The Budget session of Parliament was the least productive since the year 2000.
The Budget session of Parliament, which ended on Friday, was the least productive since the year 2000, a legislative research body has said.
The ruling Bharatiya Janata Party and the Congress have blamed each other for the impasse during the session which saw daily disruptions in both the Houses.
According to data provided by Parliamentary Affairs minister Ananth Kumar, the productivity of the Lok Sabha was 134 per cent, and that of the Rajya Sabha around 96 per cent during the brief Part I of session. The Part I of the session had seven LS and eight RS sittings.
But Part II of the session which began from March 5 saw productivity taking a nose dive due to daily disruptions and adjournments. The productivity of the LS was four per cent and that of the RS eight per cent, the minister said.
“The productivity of the complete Budget session was 23 per cent for the LS and 28 per cent for the RS,” he said.
According to PRS Legislative Research, “This was the least productive Budget session for both Houses since 2000”.
According to PRS data, during the session, on an average, Lok Sabha worked for 21 per cent of its scheduled time, while Rajya Sabha worked for 27 per cent.
So far in the 16th (the present) Lok Sabha, the average productivity of Lok Sabha is 85 per cent, and that of Rajya Sabha is 68 per cent.

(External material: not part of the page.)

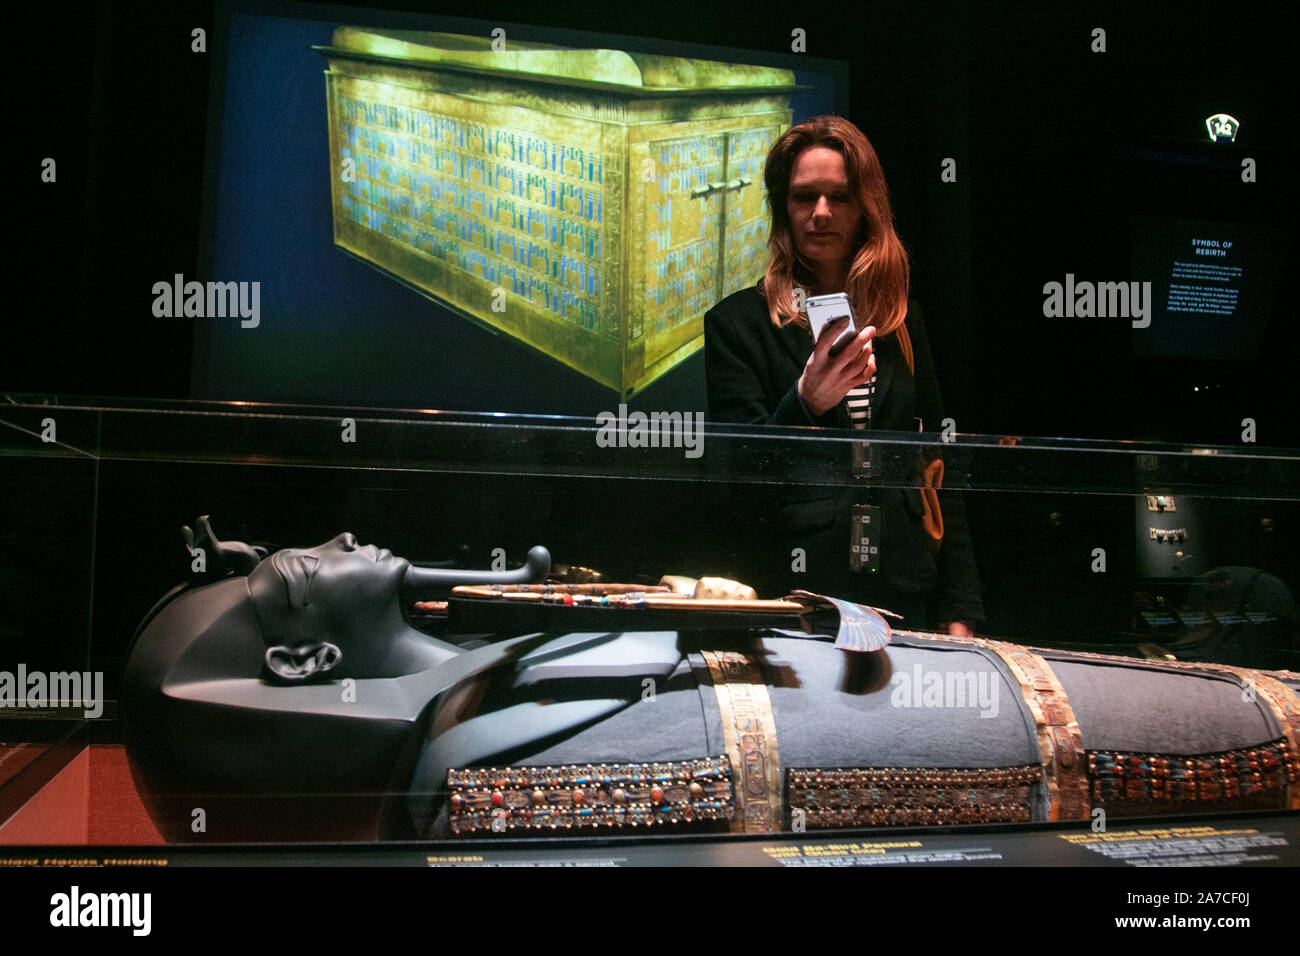 Saatchi Gallery London, UK. 1 November 2019. A preview  featuring the largest collection of 60 of   treasures  and original artifacts from Tutankhamun's tomb ever to leave Egypt. The exhibition at the Saatchi Gallery will run from 2 November until 3 May 2020. amer ghazzal /Alamy live News Stock Photo
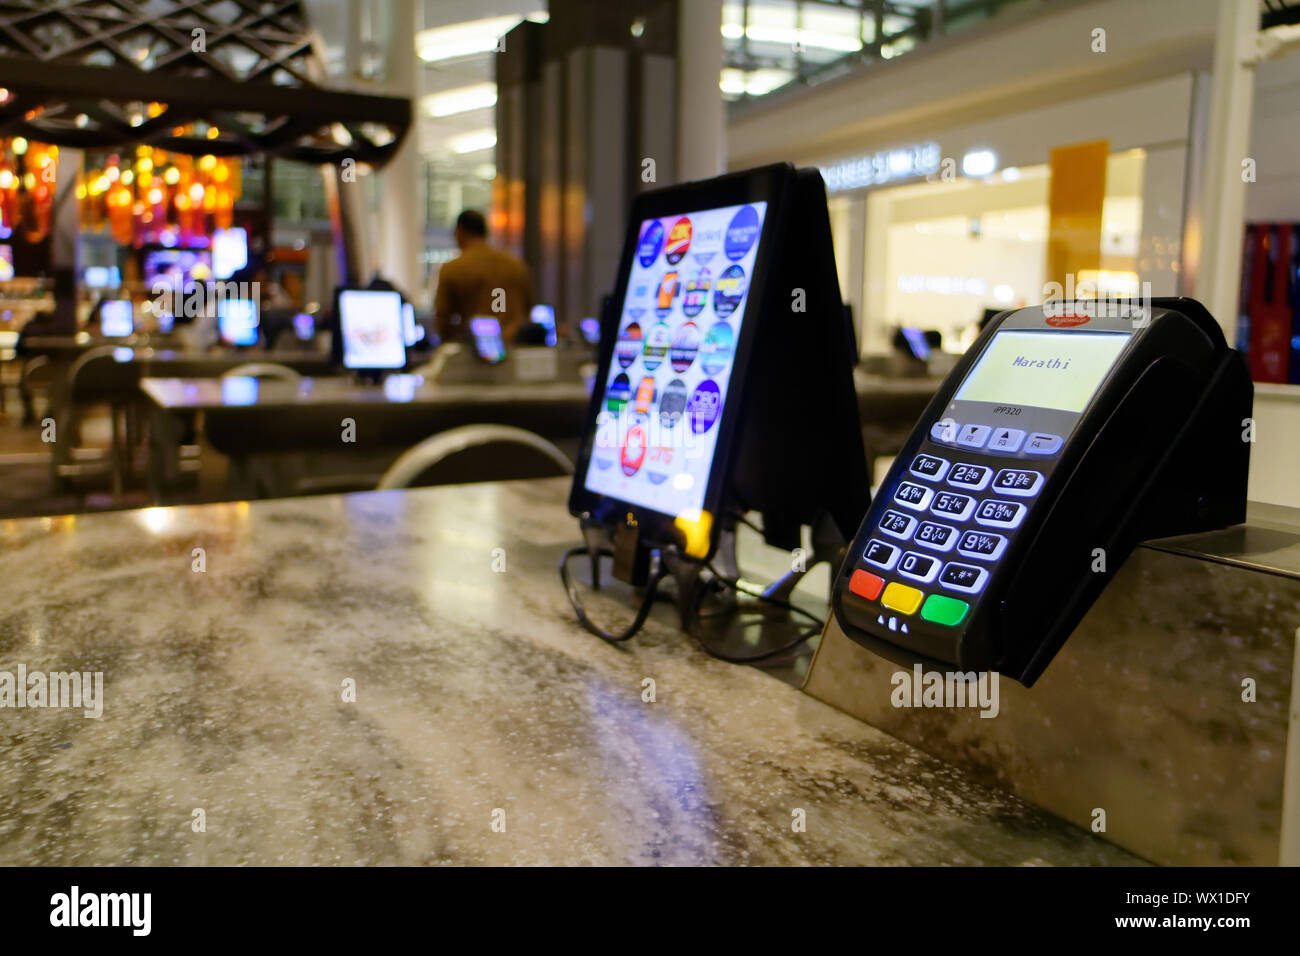 Tablets for ordering and paying for food in the departure lounge at Toronto Pearson airport Stock Photo

Former Lok Sabha Secretary General P D T Acharya said the productivity of the just-ended session reminds him of the Winter session of 2010 when the 2G scam led to its complete washout.
The protests by the BJP and other parties had rocked Parliament after the CAG reported on the alleged 2G scam.
The LS and the RS could utilise only six per cent and two per cent of their allotted time.
But the United Progressive Alliance government, in a bid to avoid another washout, agreed to form a Joint Parliamentary Committee on 2G scam in the 2011 Budget session.
Acharya said as the leader of the House, the prime minister has the authority to ensure that the House functions.
He was of the view that Parliament “can function if the government wants”.
“Disruptions for a couple of days is alright, but legislations have to be passed... disruptions should not happen daily,” he said.
He recalled that India’s first prime minister Jawaharlal Nehru used to reach out to the opposition leaders and was present in the Lok Sabha every day.
Several MPs gave notices to move no-confidence motion in the Lok Sabha against the government. However, due to disruptions caused by members raising various issues such as the Punjab National Bank scam, special status for Andhra Pradesh and Cauvery water dispute, it could not be admitted.
This was the first time a notice to move a no-confidence motion was given in the 16th Lok Sabha.
“A no-confidence motion was also moved in the 15th Lok Sabha in 2013 but was not discussed. In the 14th Lok Sabha, a no-confidence motion was converted to a confidence vote, which the government had won,” said PRS Legislative Research.